Os textos deverão ser padronizados da seguinte forma (conforme arquivo modelo):

  1. Arquivo em formato .doc ou .docx;
  2. Arquivo nomeado da seguinte forma: NOME_SOBRENOME_DATADEENVIO.doc
  3. Espaçamento entre linhas 2, formato A4, fonte Arial, tamanho 10;
  4. Título e title destacados em negrito, em fonte Arial ,tamanho 14;
  5. Autor destacado em negrito, fonte Arial, tamanho 10;
  6. Subtítulos destacados em negrito (com espaço entre linhas adicional antes), fonte Arial tamanho 10;
  7. Destaques ao longo do texto devem ser feitos em itálico;
  8. Notas de rodapé em fonte Arial, tamanho 9, e numeradas em sequência.
  9. As citações referenciais não vão em nota de rodapé, devendo ser identificadas (entre parênteses) no texto, logo após o trecho citado, colocando o sobrenome do autor (com todas as letras em maiúsculo), o ano e, quando necessário, a página.Exemplos:
    • Um autor: (WENTH, 1998, p. 12);
    • Dois autores: (LAMARE; SOARES, 1990, p. 134-135);
    • Três ou mais autores: (HARRIS et al, 1998, p. 26).
  10. Citações com mais de quatro linhas deverão vir em parágrafo específico, com recuo de 4 cm, em espaçamento 1, tamanho de fonte 10 e espaço simples antes e depois das citações. Não usar Idem ou Ibidem.
  11. A lista de referências bibliográficas deve estar em ordem alfabética, de acordo com as normas ABNT (6023 e 10520).Exemplos:
    • Formato para livros:
      CALDWELL, J. T. Televisuality: style, crisis, and authority in American television. New Jersey: Rutgers, 1995. (Subtítulo em minúscula e depois de dois pontos, sem itálico.

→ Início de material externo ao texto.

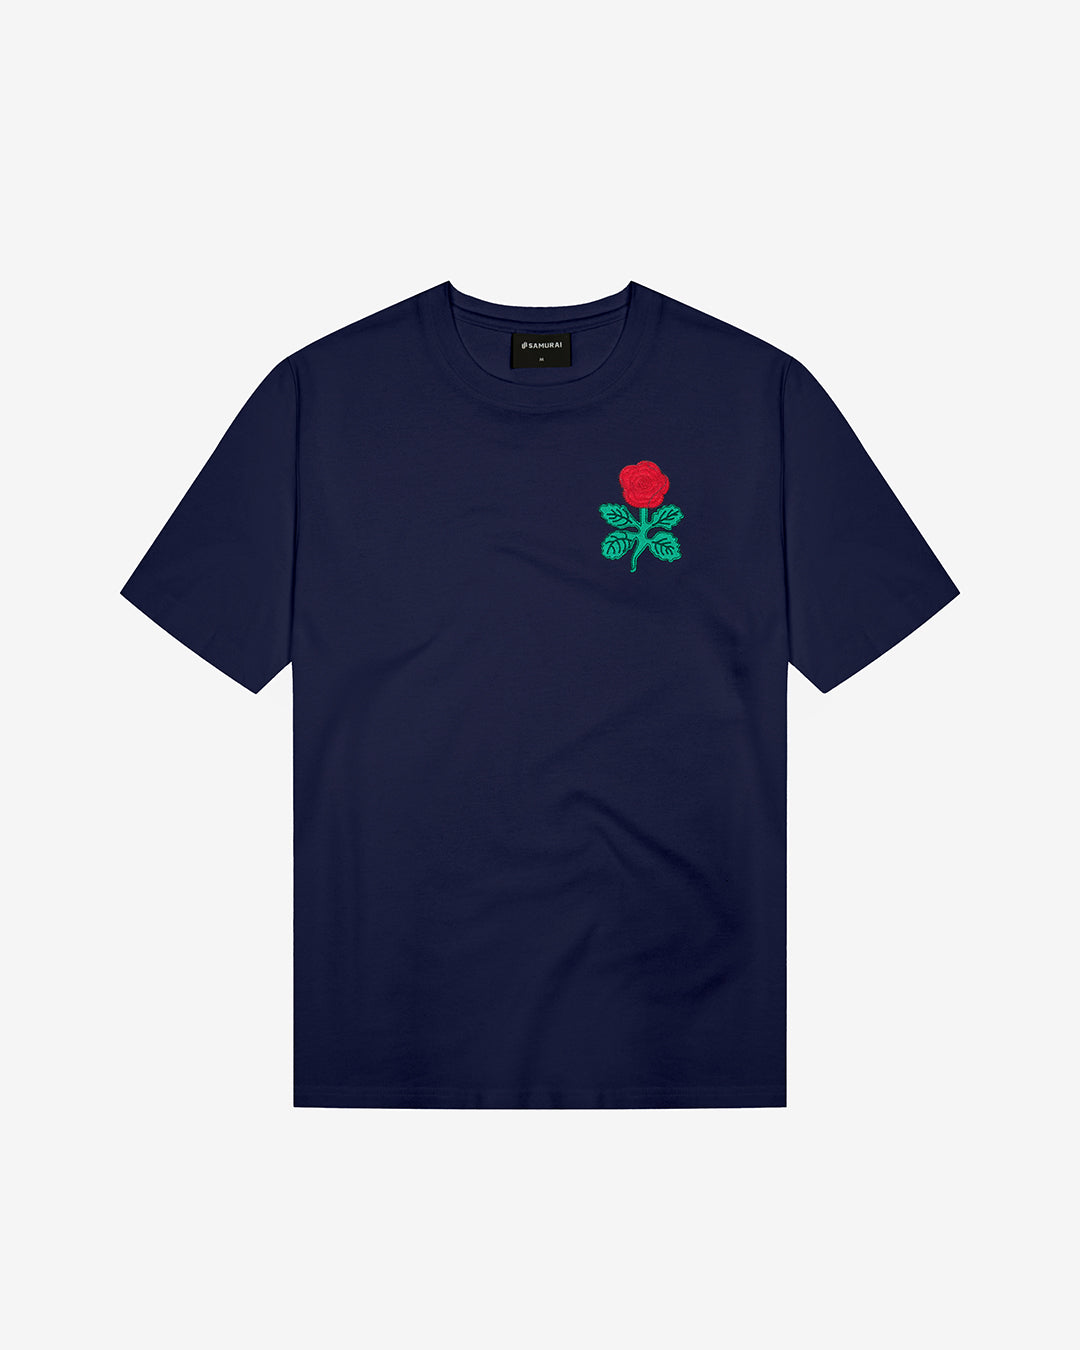 VC: GB-ENG - Women's Vintage Navy T-Shirt - England

      – Prenomes dos autores abreviados; maiúscula apenas na primeira letra do título; não utilizar prenomes em editoras, desde que isso não comprometa a identificação).
    • Formato para teses e dissertações:
      MUANIS, F. As metaimagens na televisão contemporânea: as vinhetas da Rede Globo e MTV. Tese (Doutorado) – Universidade Federal de Minas Gerais, Belo Horizonte, 2010.
    • Formato para artigos:
      PAIVA, S. “A propósito do gênero road movie no Brasil: um romance, uma série de TV e um filme de estrada”. Rumores:, São Paulo, v. 1, n. 6, set.-dez. 2009.
    • Formato para trabalhos apresentados em eventos:
      REGUILLO, R. “El lenguaje e los narcos”. In: SEMINARIO NARCOTRÁFICO Y VIOLENCIA EN CIUDADES DE AMÉRICA LATINA: retos para un nuevo periodismo, 2009, México. Anais eletrônicos:… México: FNPI, 2009. Disponível em: . Acesso em: 15 ago. 2011.
  12. Caso o trabalho contenha imagens, quadros ou tabelas, é necessário incluí-los ao longo do texto, de modo compatível com o arquivo. As legendas devem estar imediatamente abaixo das figuras e dos gráficos e os títulos imediatamente acima dos quadros e das tabelas. Todos deverão estar numerados consecutivamente, em arábico. De acordo com a lei de direitos autorais, as fotos e os desenhos devem vir acompanhados dos nomes de seus autores.